Modelbit is a platform designed to streamline machine learning workflows for developers. It allows users to deploy and iterate on models quickly with git-based deployment workflows. The platform offers fast and scalable infrastructure for running batch or real-time inference with on-demand compute that automatically scales up and down. Modelbit can be deployed to a secure cloud or to a user's own environment, providing flexibility and security. Trusted by ML leaders, Modelbit is known for its performance and ease of use in deploying and managing machine learning models efficiently.
Modelbit was founded by Harry Glaser, the Co-Founder & CEO, and Tom O'Neill, the Co-Founder & CTO. Harry previously served as co-founder and CEO of Periscope Data, with experience at Google and a BS in Computer Science. Tom was also a co-founder and CTO at Periscope Data, with a background at Bing search, Microsoft, and a BS in Computer Science.
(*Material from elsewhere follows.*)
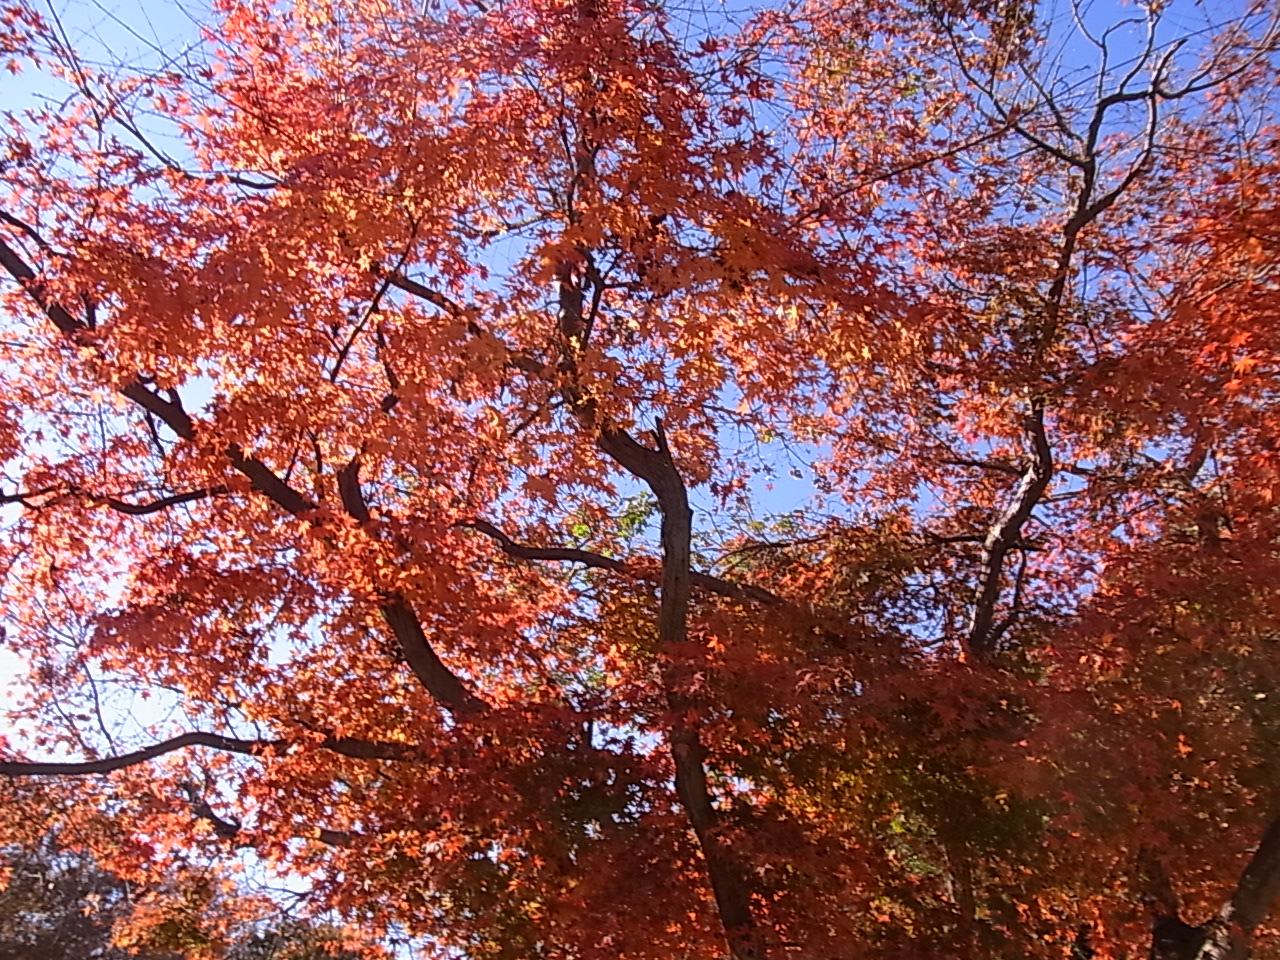 紅葉した木

The company is based in San Francisco, California.
To use Modelbit, follow these steps:
Build Models with Any Technology:
Developer Workflow:
git push
to deploy models to isolated containers under your control.mb.deploy
from your notebook with no framework requirements.Deploy and Integrate:
Run on Next-Gen Infrastructure:
Manage Models Professionally:
Deployment Flexibility:
Enterprise Readiness:
These steps outline the process of using Modelbit, covering model building, deployment, integration, infrastructure management, and enterprise-ready features.
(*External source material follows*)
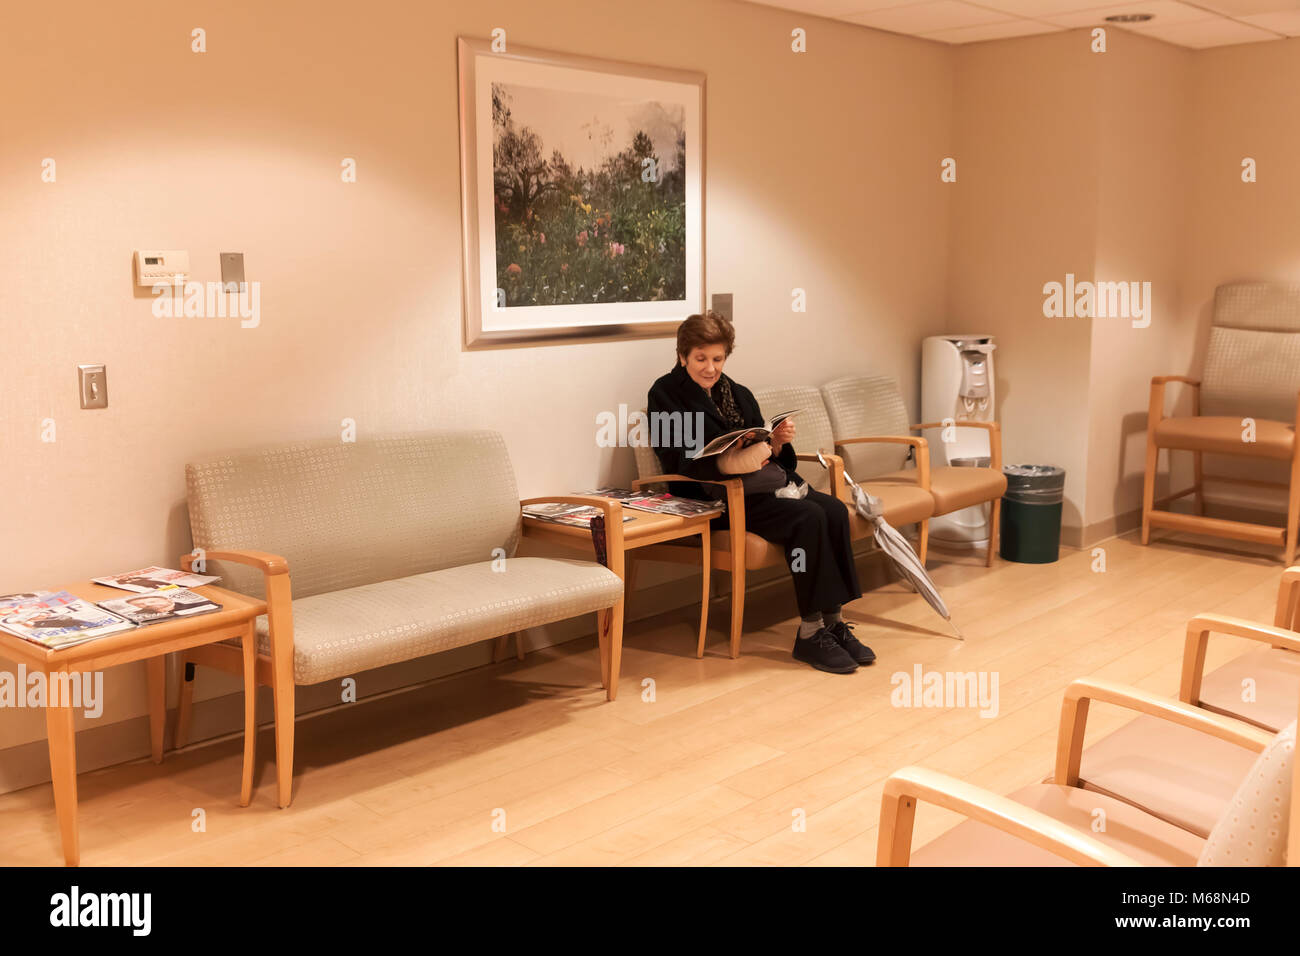 Mujer sentada en la sala de espera de un consultorio médico. Foto de stock

The deployment speed is unmatched compared to other platforms we tried.
I encountered some bugs during the initial setup, but they were quickly resolved.
It allows for rapid iteration on our models, which is essential in our fast-paced industry.
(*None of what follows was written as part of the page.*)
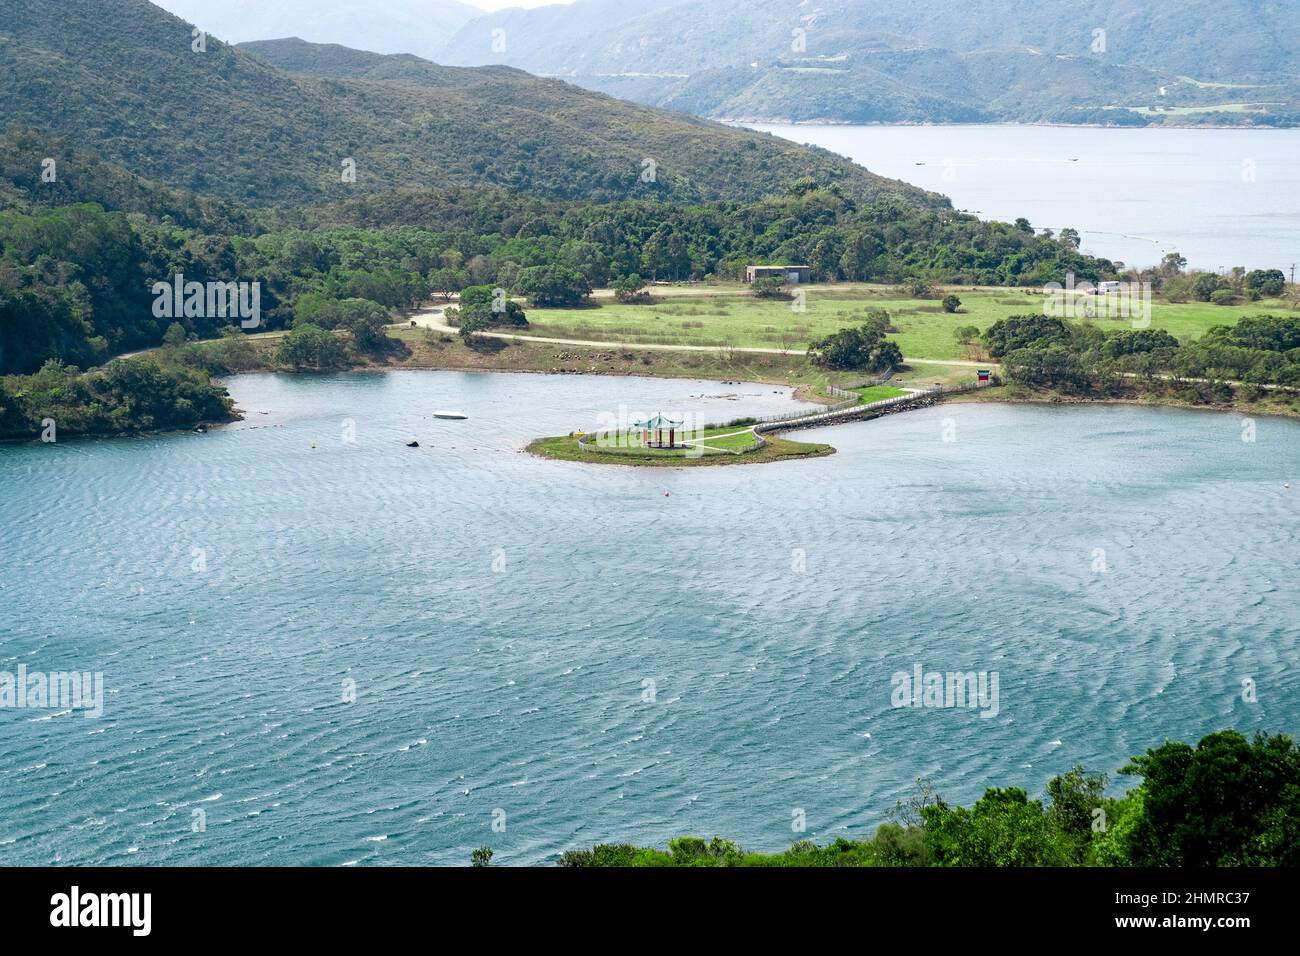 Vue sur le paysage avec l'île qui a pavillon chinois au milieu à High Island Reservoir, Sai Kung, Hong Kong Banque D'Images

The reliability and performance during high loads are exceptional, giving us confidence in our deployments.
Some advanced features are not as user-friendly as I'd hoped, but overall, it's a strong tool.
It helps us maintain high availability and performance, essential for our application's success.
The ease of integration with existing systems is impressive; it saves us a lot of time.
The interface could use a refresh to make it more modern and user-friendly.
It allows us to deploy models rapidly, which is crucial for our fast-paced business environment.